Your 270 will work just fine.


----------



## DocHoliday (Dec 30, 2008)

I personally like to use a .22 magnum.


----------



## seaweaver (Dec 30, 2008)

.22 for ear and dead on heart shots.
You know...this could be an excuse to buy that beautiful Marlin 45/70 in the swap section.
cw


----------



## jbarron (Dec 30, 2008)

A hog is much tougher to kill than a deer.  I’d recommend taking the 270 and leaving the pop-gun (22 mag) at home.


----------



## Killer41 (Dec 30, 2008)

300 Mag, 45/70, 30-06, my buddy shot one with his 300 and it still ran


----------



## 93f1fiddy (Dec 30, 2008)

00 buck 3 1/2" 12GA., .308, .45. leave the .22 at home


----------



## Milkman (Dec 30, 2008)

I have shot hogs with both, a 270 and a 22mag.  

The 22 is fine for closeup head shots. Hunting on a WMA during small game season requires something like the 22 cal.
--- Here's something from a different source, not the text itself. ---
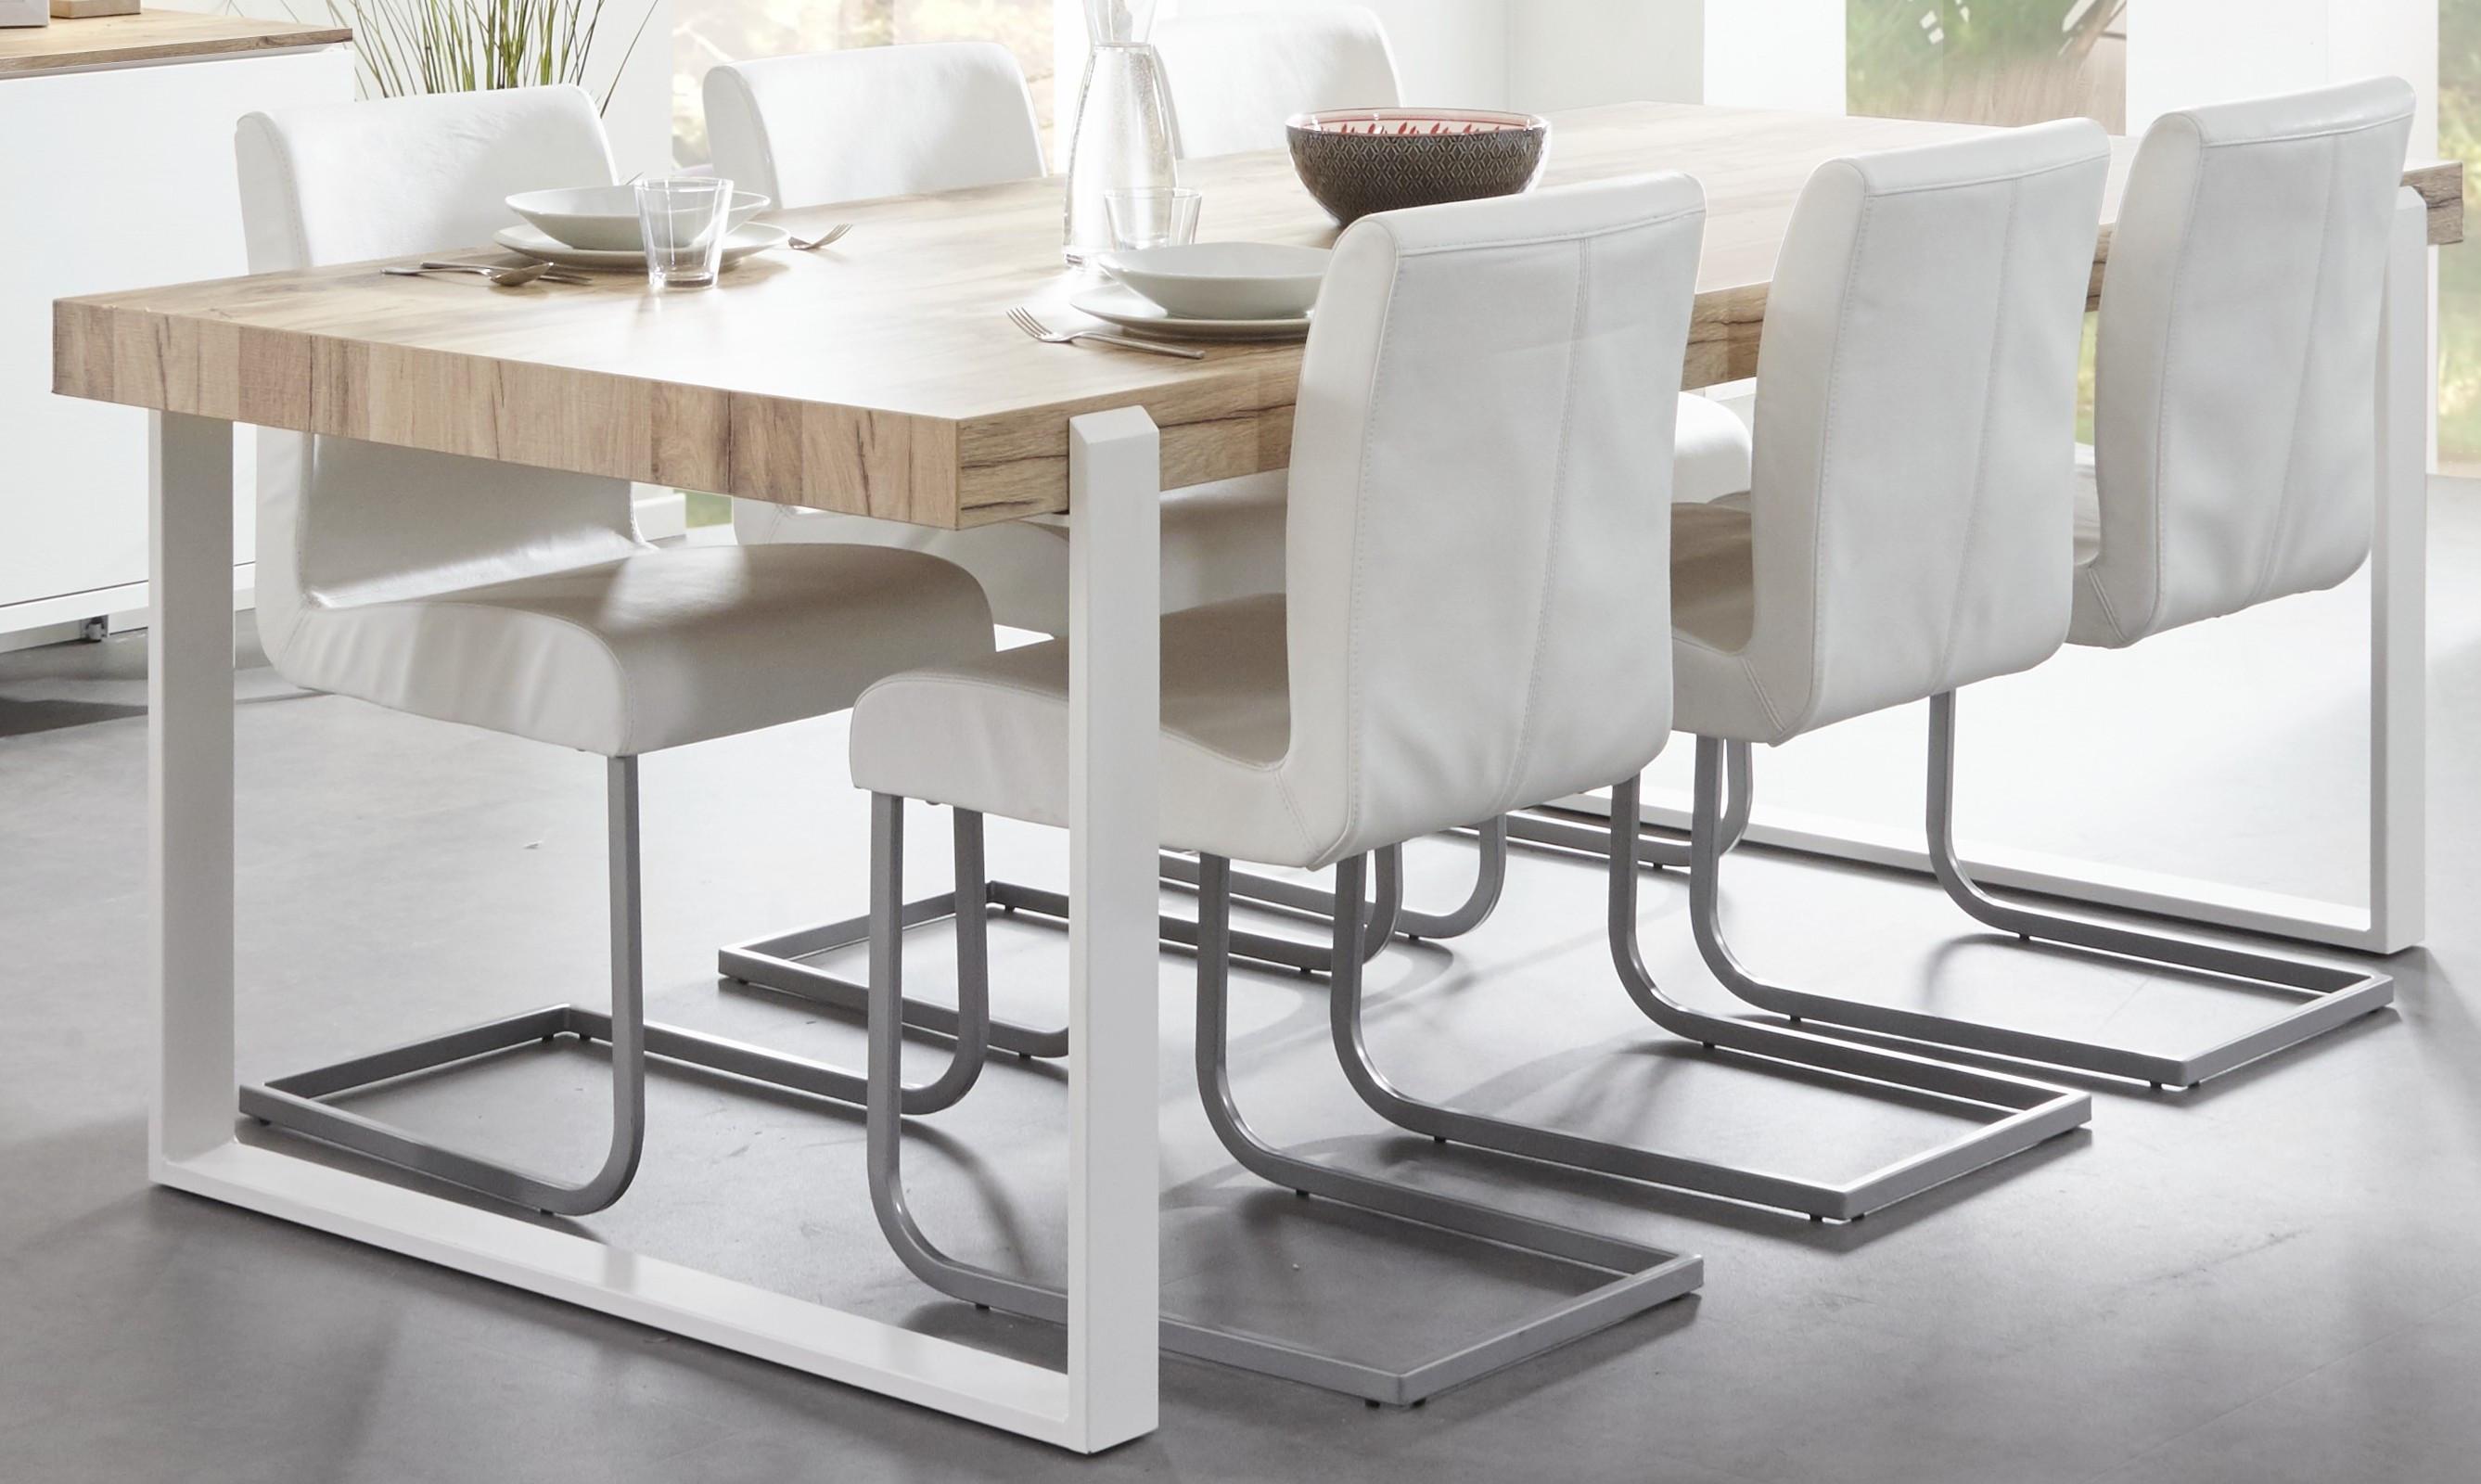 table salle a manger verano meubles belges evan

The 270 is good for shooting the pig anywhere head or chest. It aint overkill on a big ole hog that might get mad if you just sting him


----------



## MItransplant (Dec 30, 2008)

I use a 45/70 with 325gr lever evolution ammo.


----------



## deernbass (Dec 30, 2008)

i use either my 243, 308mx or 22 magnum


----------



## BANDT (Dec 30, 2008)

I like using my single shot .243. Head shot, DRT


----------



## Bill Brown (Dec 30, 2008)

The proper bullet selection is important, due to the fact of shot placement. If you shoot in the head or neck, it doesn't matter as much as the shoulder shot, the boars will have a "shield" that will stop a lot of energy. You can't assume that because a bullet works for deer that it will be OK for hogs.


----------



## Gote Rider (Dec 30, 2008)

That 270 with 150gr. bullets will put hogs down all day long. Yes a 22mag. will kill hogs and if the hog runs you will not have a very good blood trail. If you can use your 270 by all means use it.


----------



## Gentleman4561 (Dec 30, 2008)

i would prefer the .270 but if your hunting during small game season then the 22. mag is right just place the shot were it needs to go


----------



## hammerz71 (Dec 31, 2008)

I use my Ruger Mini-30.  I find the 7.62x39 to be an excellent round for hunting them in the swamps and deep brush.  The Mini-30 is short enough to be able to maneuver in tight spots and out to about 100 yards or so, the round has plenty of punch.
Your .270 would be fine, even a better choice than my Mini-30 if the land is wide open and farther shots are necessary...


----------



## Steven Farr (Dec 31, 2008)

Gentleman4561 said:


> i would prefer the .270 but if your hunting during small game season then the 22. mag is right just place the shot were it needs to go



The only time you have use small game weapons, i.e. 22 mag, during small game season is on WMA's or USFS lands.  Private land = bust them with your  .270


----------



## seaweaver (Dec 31, 2008)

Shoulder shots thru the shield = wasted meat.
I also use the hardest bullet available. Those "exploding" tip bullets that work so well on deer I wouldn't suggest. 
cw


----------



## fishbum2000 (Dec 31, 2008)

take your deer rifle with you on private land
the best shot on any hog with any firearm is a head shot if you have it  but there is a thread on here somewhere about the vital  locatation(sp?) on a hog its a little different than a deer


good luck and happy hunting


----------



## matthundley (Jan 15, 2009)

I always heard in the neck behind the ear is a good drop in their tracks zone.


----------



## Tall Tines (Jan 15, 2009)

.300 Win Mag, haven't had one to run yet!!!!!


----------



## huntingonthefly (Jan 15, 2009)

.22 mag. I've killed plenty putting it right behind the shoulder. Even boars with shields. But I was always close and put it where it counts. Head and ear works too. Using the .22 mag requires you to stalk closer and that old ticker to beat like a tom-tom. What a rush. Isn't that why we do it? I like the bow better if you're on 'em good. You can keep coming back with regularity without spooking 'em out of the country. Gotta be one with the wind though.


----------



## schleylures (Jan 15, 2009)

about a fifty pound long bow


----------



## DocHoliday (Jan 15, 2009)

huntingonthefly said:


> .22 mag. I've killed plenty putting it right behind the shoulder. Even boars with shields. But I was always close and put it where it counts. Head and ear works too. Using the .22 mag requires you to stalk closer and that old ticker to beat like a tom-tom. What a rush. Isn't that why we do it? I like the bow better if you're on 'em good. You can keep coming back with regularity without spooking 'em out of the country. Gotta be one with the wind though.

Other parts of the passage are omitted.